Back down on earth, us peasants' petition with 162 000 signatures for him to not come back. Alas, this was fruitless. It only took eleven minutes. And to quote it was “the best day ever.” If you would like to learn more about Jeff Bezos’ enablers who accompanied him to space, I don’t know why.


Jeff Bezos was not the first billionaire to go into space and he likely will not be the last. Richard Branson went to space on July 11th 2021, two weeks before Jeff Bezos. While the internet had many questions for Bezos, they only had one for Branson: who are you? If there's no catchy Tik-Tok audio about a billionaire then what’s even the point? Richard Branson founded the Virgin Group and flies Virgin Galactic, the rival to Bezos’ Blue Origin. It is suspected that Elon Musk will be the next to go to space, and this time to Mars.
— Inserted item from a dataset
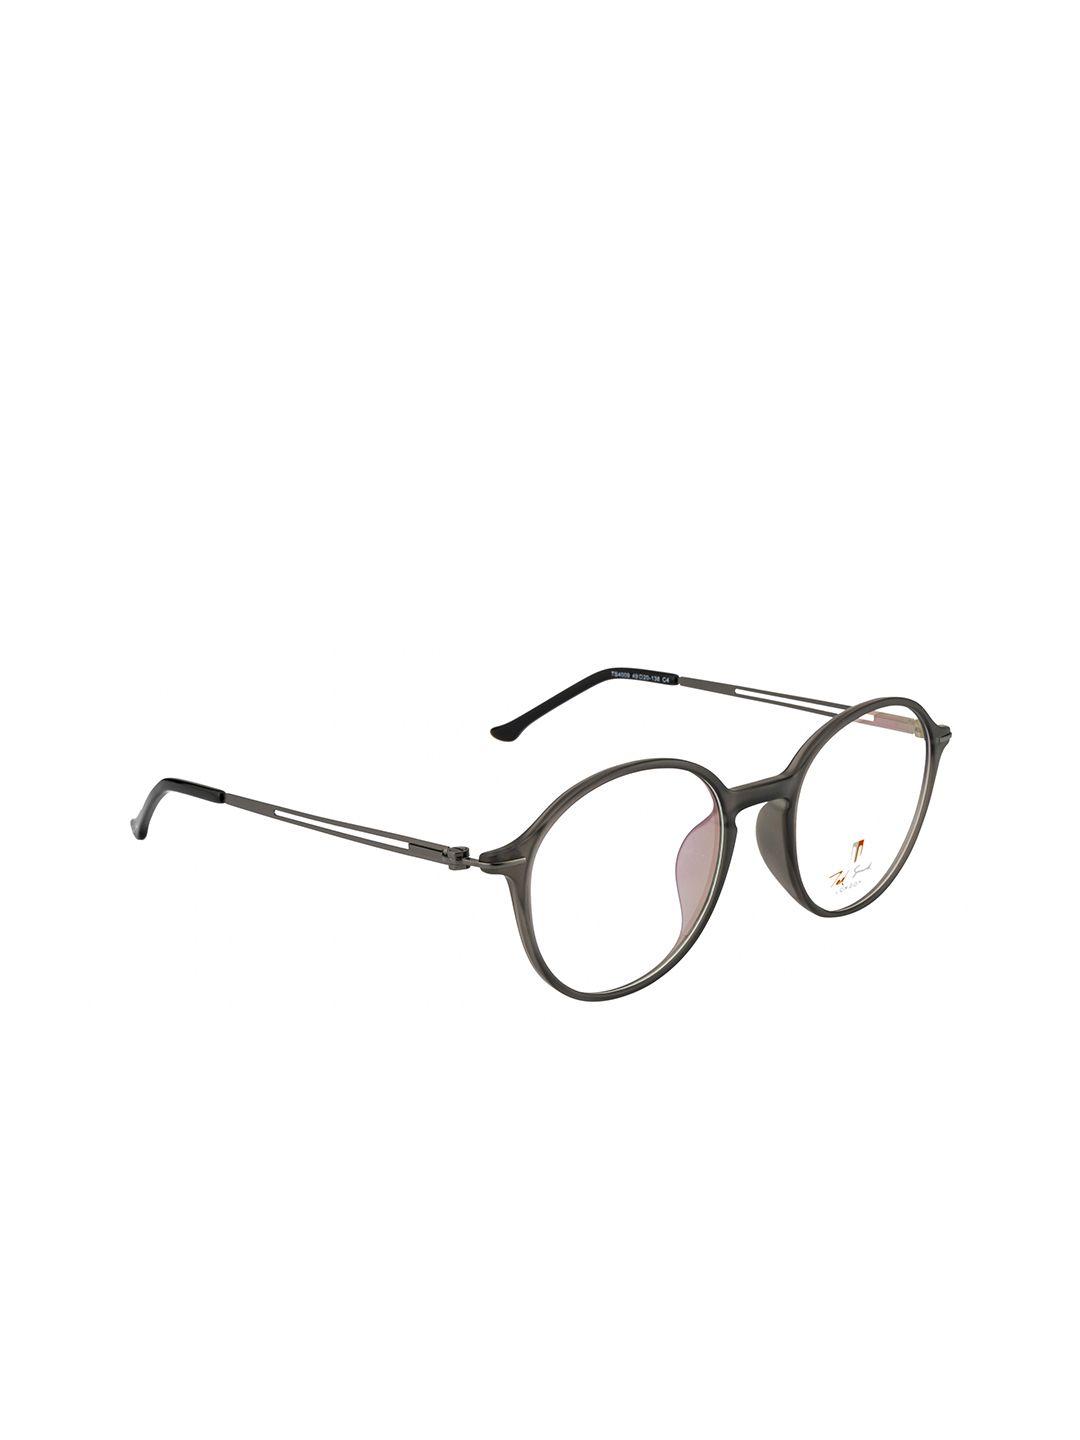 ted smith unisex grey full rim round frames eyeglasses

If you're rich, you may be wondering: “what's the fuss about? Why can’t a man just take a space vacation for a day? Have that once in a lifetime experience? We’re living in the future!” We are living in the future. This is the reality. What does this say about how people make and spend money now? And what does it mean for those who can’t cough up 28 million dollars to fly Blue Origin and escape this George Orwell-dystopian-hellscape of a planet billionaires are destroying?


Amazon pays its employees a minimum of $15 an hour. The average yearly salary in the U.S. is around $30,000. Bezos is literally the richest man in the world and he had the audacity to thank his Amazon employees⏤who he doesn’t give suitable working conditions, adequate break times, or living wages⏤for helping make his trip possible.

To be a billionaire is inherently unethical. To sit on more money than you can possibly spend in a lifetime is the ultimate representation of greed. But to flaunt your extravagant wealth in the most useless way possible, by getting in your spaceship and having a rocket measuring contest with other billionaires, is just mind-blowingly idiotic.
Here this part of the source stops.